I don’t want to be too hard on Schweitzer. He looked awful, thin, and tired, and pale. I was there in the evening to see him. I was wandering about the compound, looking at the animals. There were a lot of African deer around, antelopes and other animals, and just before it got dark and I was supposed to go, I saw Dr. Schweitzer running around in a panic, shoving people into various huts and padlocking the doors. I asked myself, ‘My God, what’s happening?’ I thought for a minute there was a mad elephant on the loose, or a new leper had come to the clinic and there was something especially contagious about him.

I ran around myself, trying to find out what was going on, and it turned out that this was just his nightly routine. Schweitzer locked everything and everybody up because he was afraid they’d steal his medicines and his books and whatever else wasn’t nailed down. He wasn’t a very elevated soul. He certainly had no detachment.

I came back the next day and managed to talk to him. He pretended not to speak more than a few words of English, although I knew damn well that he did. I asked him a few questions, because I also knew he had built the clinic, all those buildings and huts, with his own two hands. I complimented him on that, and he said, ‘You can’t trust these people to do anything. If you want it so it won’t fall down, you have to do it yourself.’
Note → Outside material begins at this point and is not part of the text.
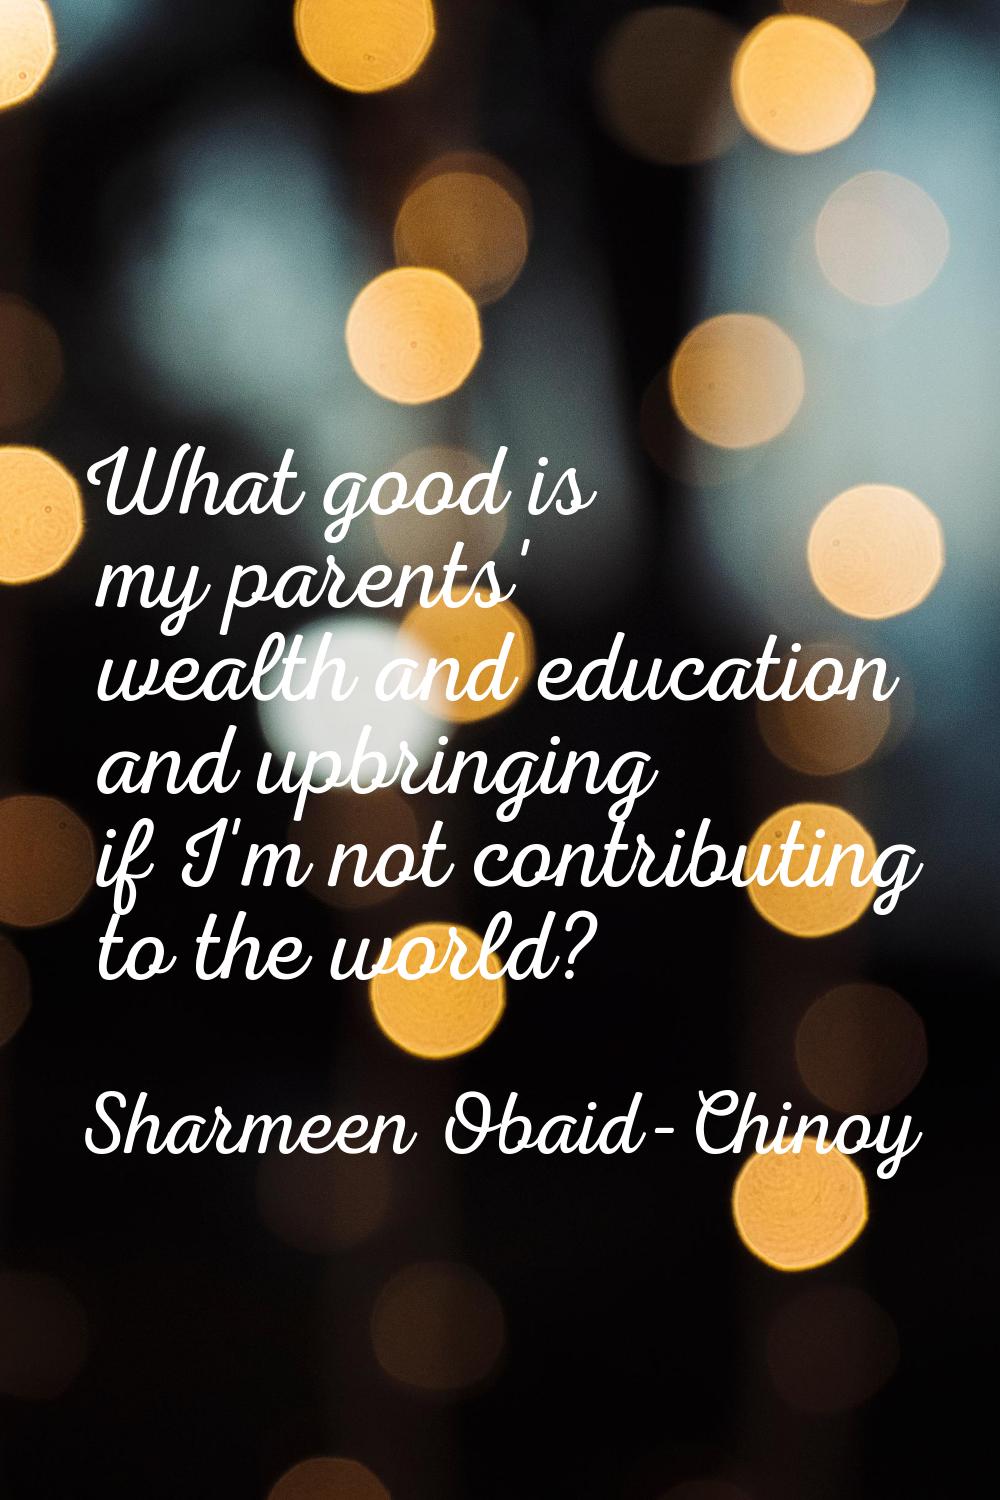 What good is my parents' wealth and education and upbringing if I'm not contributing to the world?

That’s the sort of answer I’d expect from some redneck planter in Mississippi. It wasn’t what I expected from the great Dr. Schweitzer. You know, you can read all the Chinese philosophy in the world – he did, by the way, which is why I mention it – but if you come out of it with the feeling that you can’t trust anybody else to build a hut, and, more to the point, if you don’t choose to teach people how to do it, I don’t think you’ve learned very much.

That was about the extent of our conversation. The last time I saw him he vanished back into the depths of his clinic, padlocked his doors, and I got into the canoe and left – waved goodbye to a hippopotamus.

It was a long trip for a meeting that came to nothing. And since then I’ve taken a different attitude toward the famous seers and philosophers of this world. I’ve decided the best thing is to read what they have to say, but don’t meet them. They’re too human, or they’re not human enough. It’s disillusioning.